[Information supplied]:
<<<<

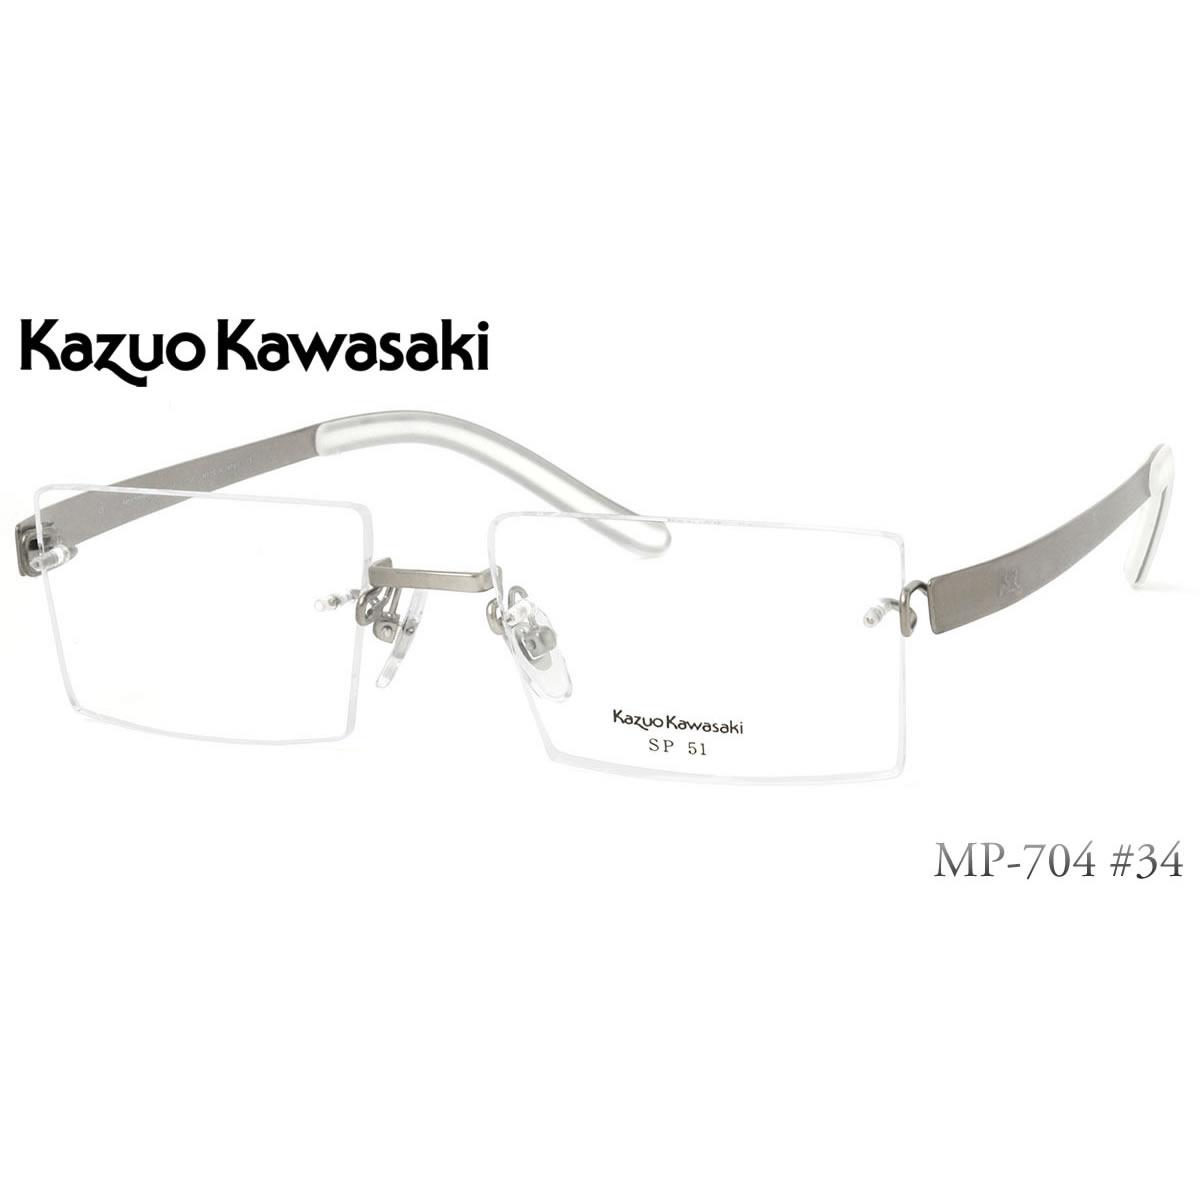 ポイント最大42倍!!お得なクーポンも !! 【KAZUO KAWASAKI メガネ】カワサキカズオ メガネフレーム MP704 34 51サイズ
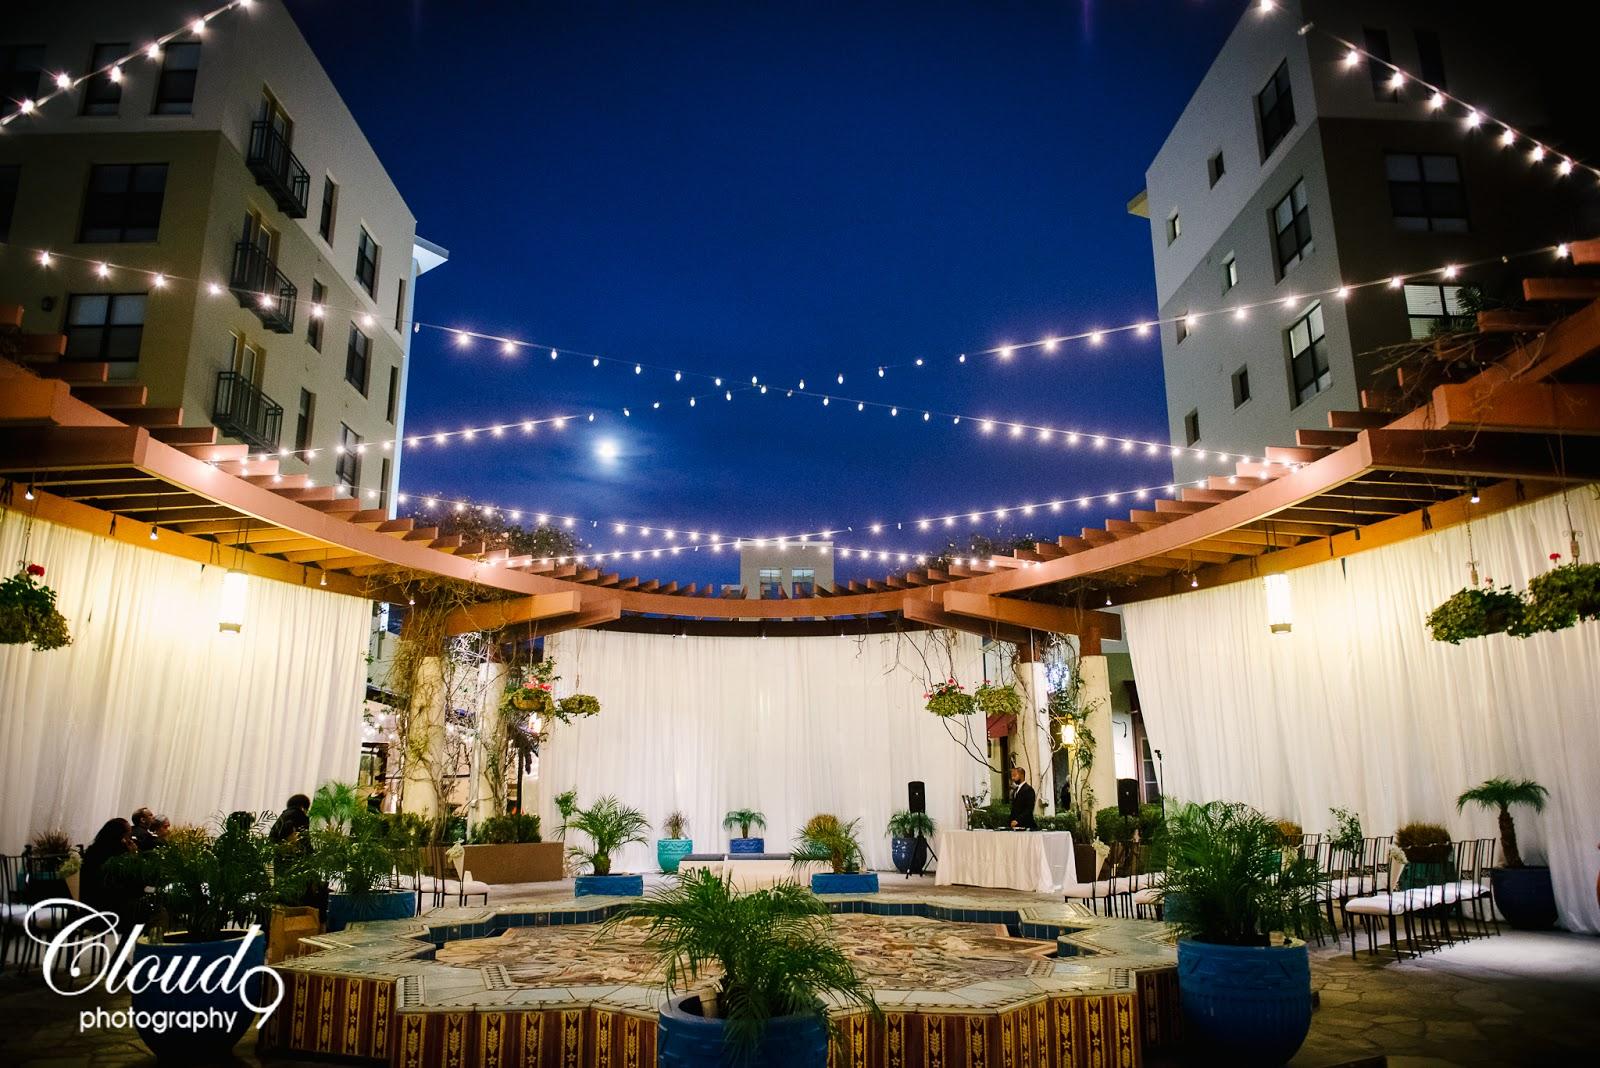 Cloud 9 Photography Noor Pasadena Night Wedding Photos Bride Groom Brea Los Angeles Orange County Photographer
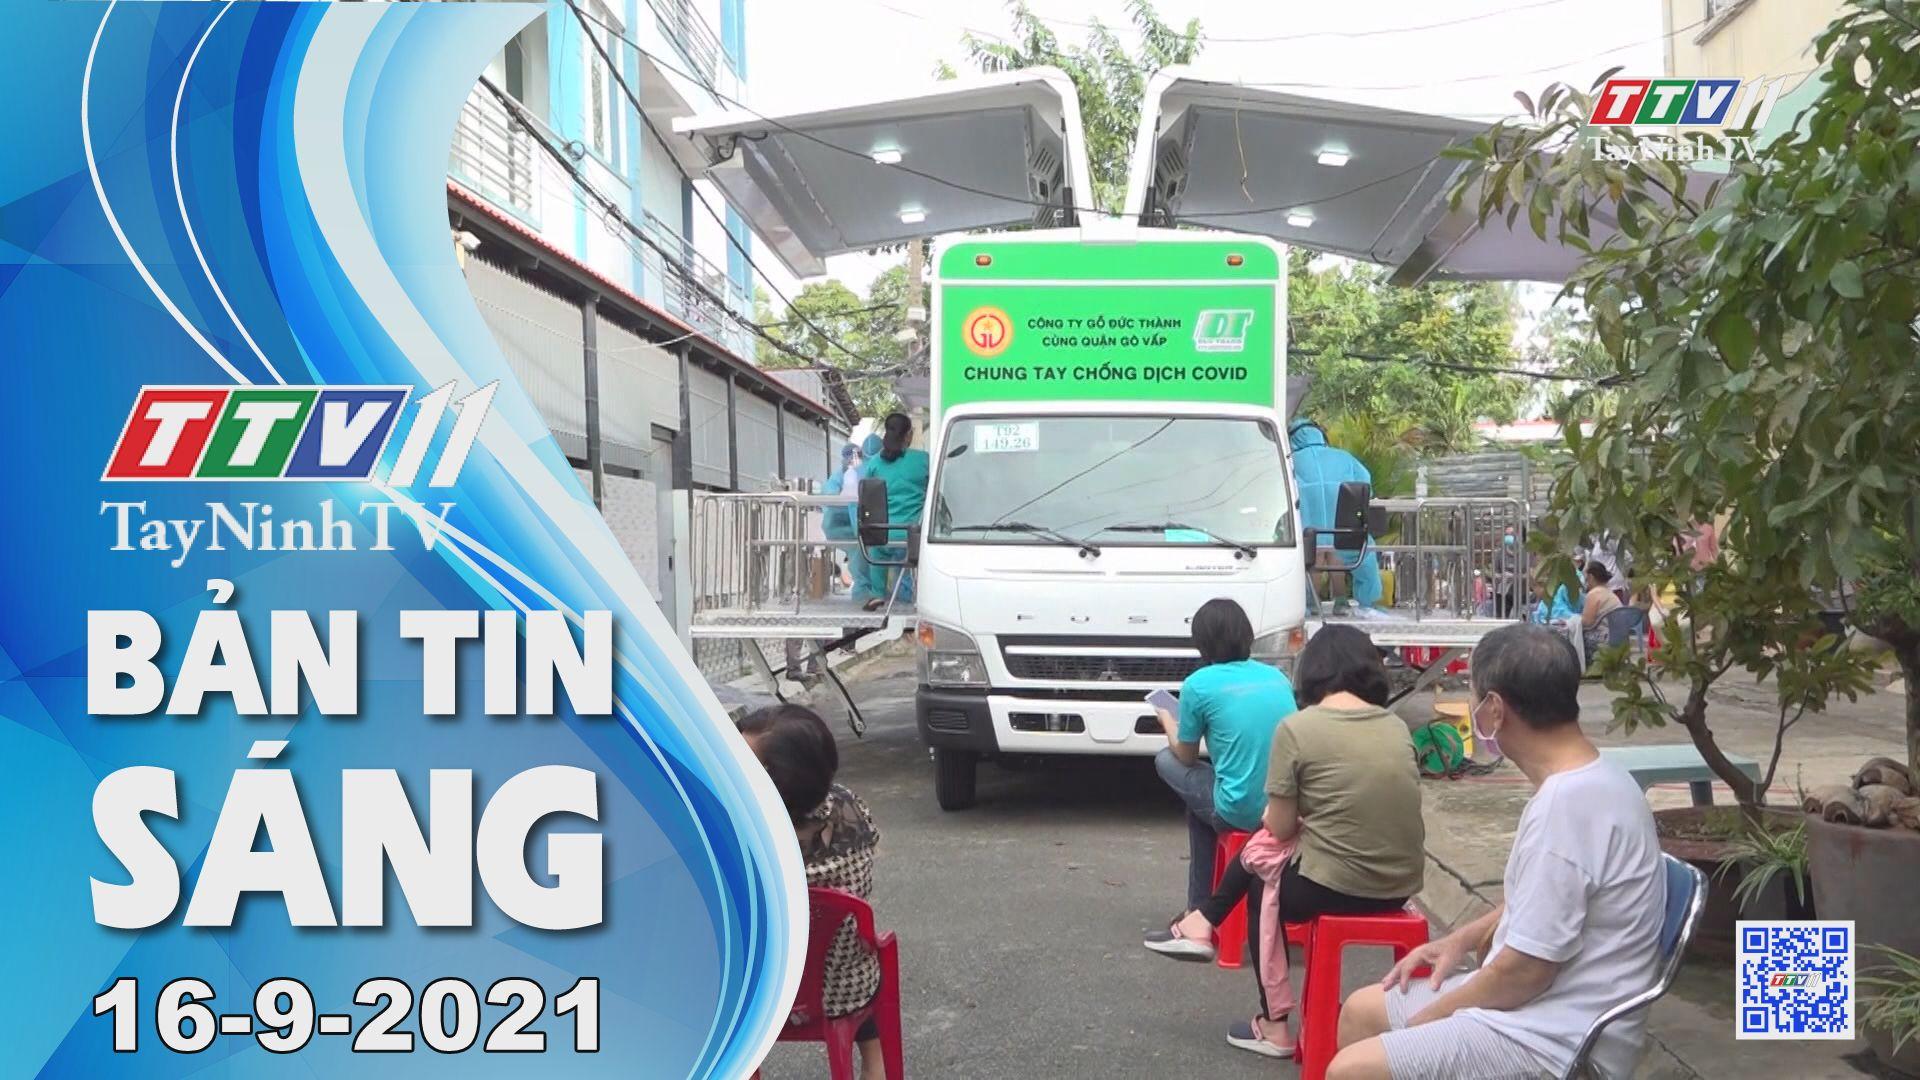 Bản tin sáng 16-9-2021 | Tin tức hôm nay | TayNinhTV
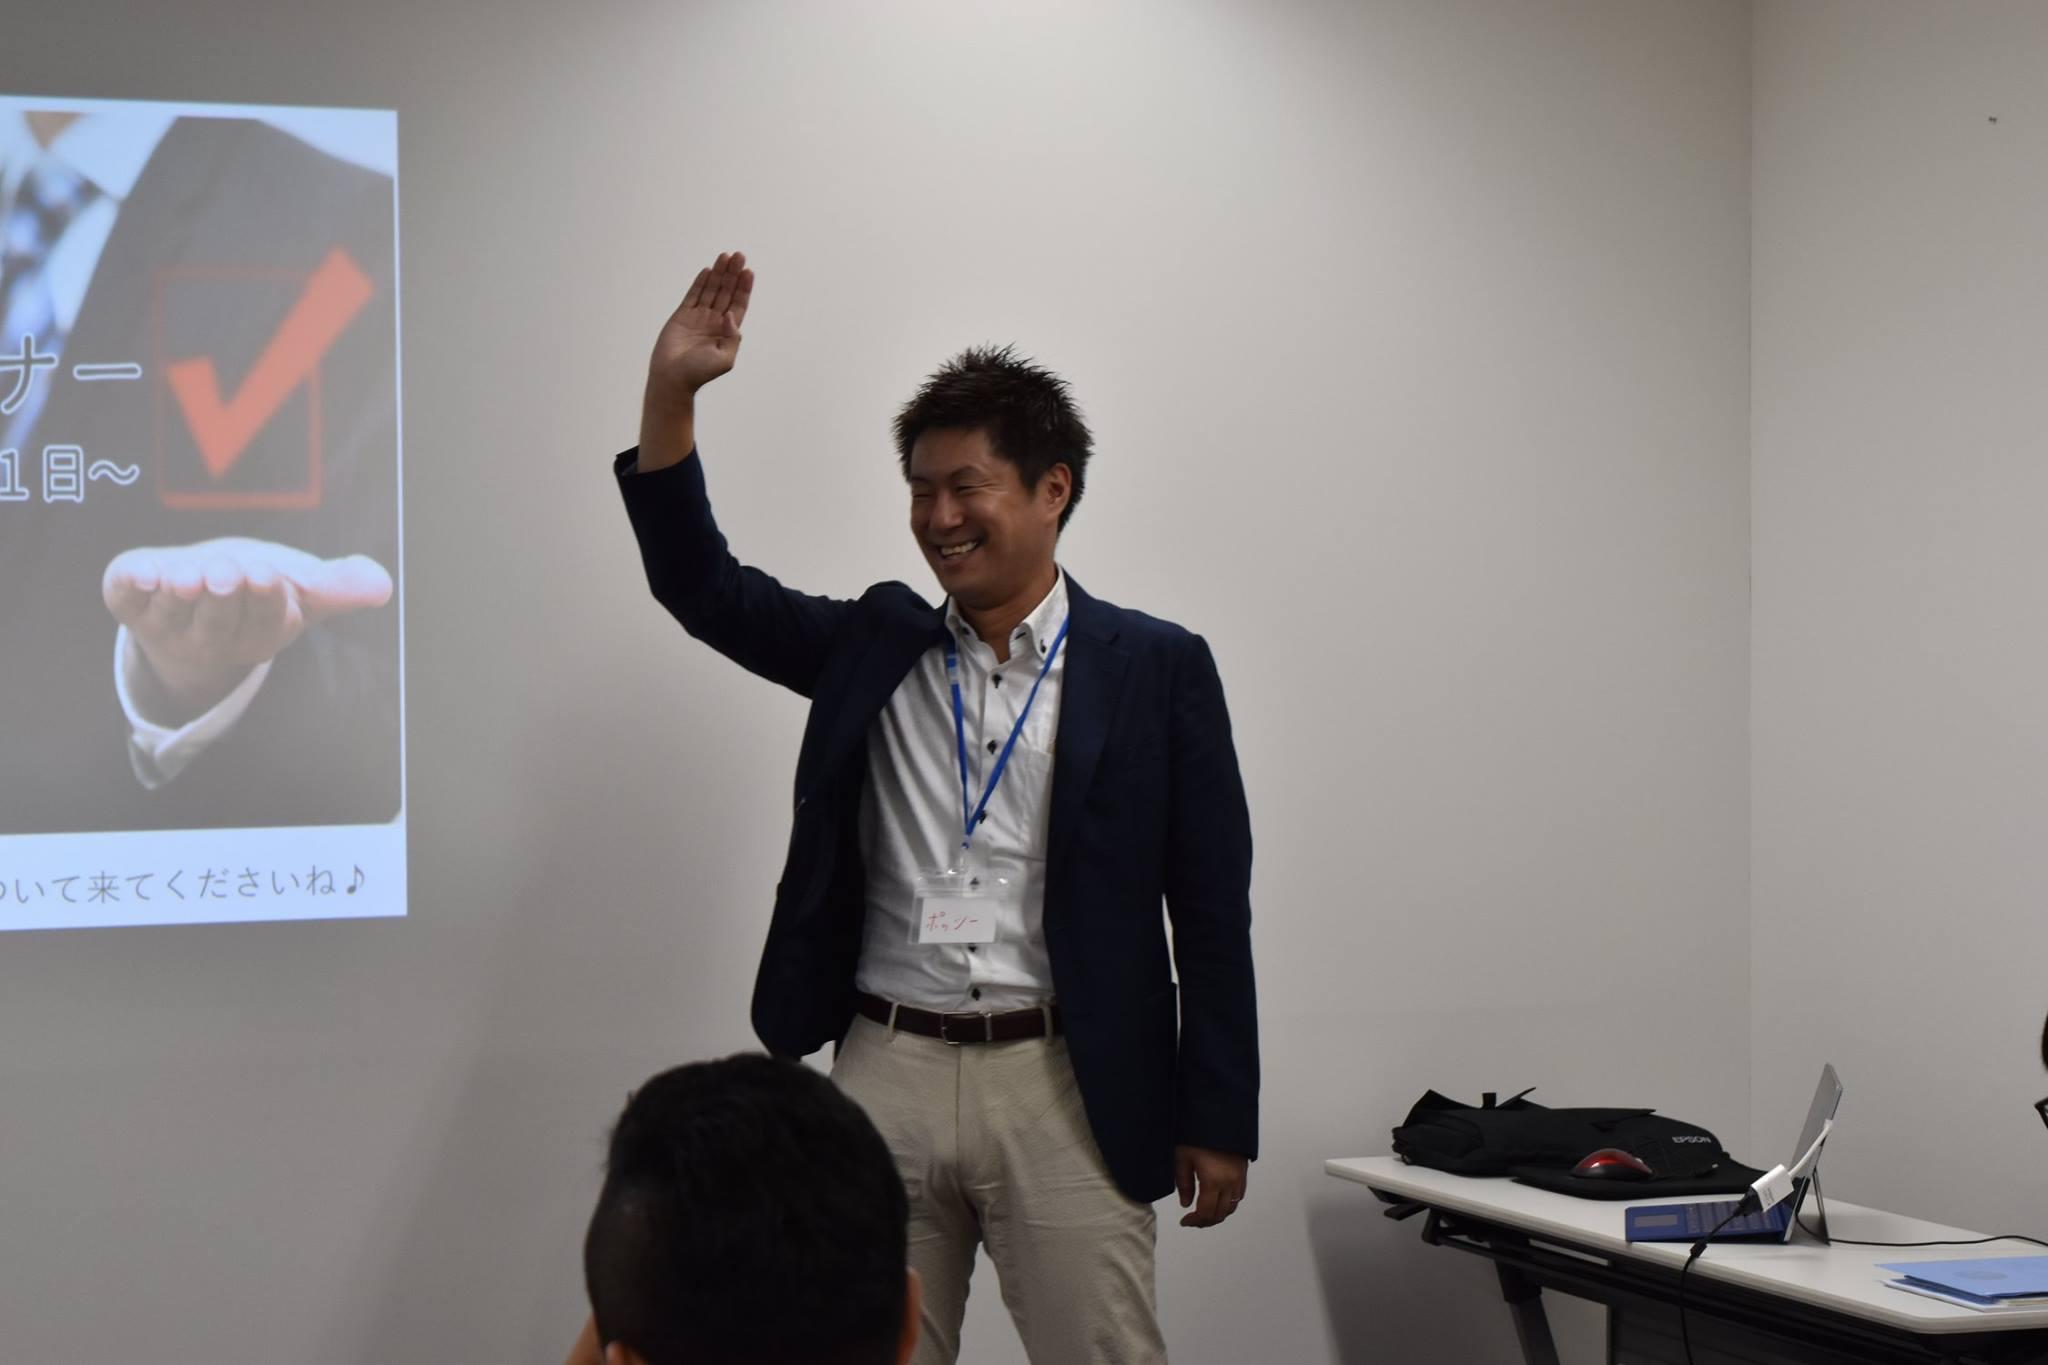 独立開局実現セミナーin大阪 熱かった!!

>>>>

[Exercise brief]:
Would you output the full listing exactly as it stands, minus the images?

[Solution to the problem]:
 ポイント最大42倍!!お得なクーポンも !! 【KAZUO KAWASAKI メガネ】カワサキカズオ メガネフレーム MP704 34 51サイズ
 Cloud 9 Photography Noor Pasadena Night Wedding Photos Bride Groom Brea Los Angeles Orange County Photographer
 Bản tin sáng 16-9-2021 | Tin tức hôm nay | TayNinhTV
 独立開局実現セミナーin大阪 熱かった!!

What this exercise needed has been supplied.